3. Spiritual Training and Influence
There’s one important contributing factor that you probably won’t read in most scientific journals, but it’s a crucial element in successful fathering. And as someone who runs a residential counseling center for teens, I’ve seen the evidence firsthand: Fathers who bless, pray and give spiritual instruction to their children reap the rewards. When our children hear us as fathers pray for them, it gives them a needed sense of security and belonging. They go forth into the world with confidence, knowing their names are on our lips when we kneel before God. And they learn from their fathers about the character of their Heavenly Father who loves them deeply.
In both the Old and New Testament, we see the power of a father’s blessing on their children. Probably the best example is to see how Jesus’ father blessed him! We see this demonstrated in three key ways:
Acceptance – The Father publicly let people know that Jesus was His beloved Son “with whom I am well pleased.” Keep in mind this was before Jesus ever did anything in ministry. What can we learn from this? Simply put, that fathers show their acceptance by talking to their children according to who they really are, not what they do. In other words, their acceptance of their children should not be performance based.
Adoration - God had no problem announcing to the world that He adored His son, Jesus! As a beloved Son, Jesus knew that His Father was crazy about Him and didn’t care who knew it. Fathers should openly express this type of love that treasures their children and delights in them.
Approval - Not only did God tell people that He accepted and adored Jesus, He also wanted all to know that He approved of Him. When a father tells a child that he is good at something and everyone should know and benefit from it, few compliments in this life will ever surpass this one.

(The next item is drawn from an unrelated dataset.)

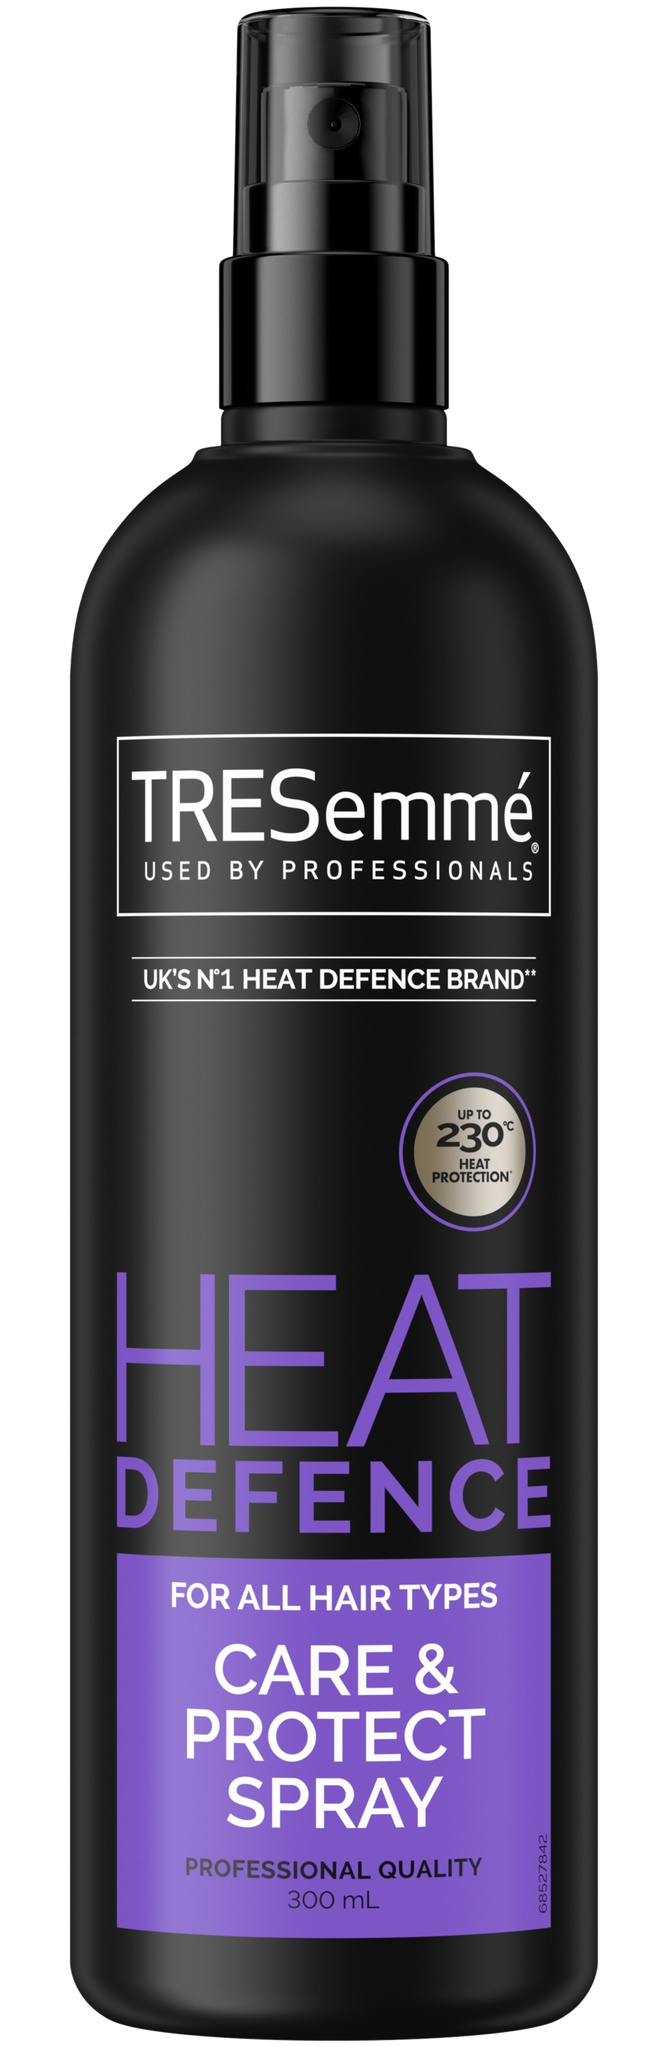 TRESemmé Heat Defence Care & Protect Spray

So we can see that a father plays a huge role in parenting teens. Fathers are not just sperm donors or primary wage earners. From the moment the announcement is made: “It’s a boy!” or “It’s a girl!” a father has a clear-cut choice to make. He can choose, by the grace and help of God to raise happy, healthy and productive members of society or—through sheer neglect or abuse—raise “offspring” who turn into entitled, discontented and emotionally and spiritually orphaned adults. If you’re a dad reading this, I hope and pray that you will choose the former. The world will thank you—and so will your teen!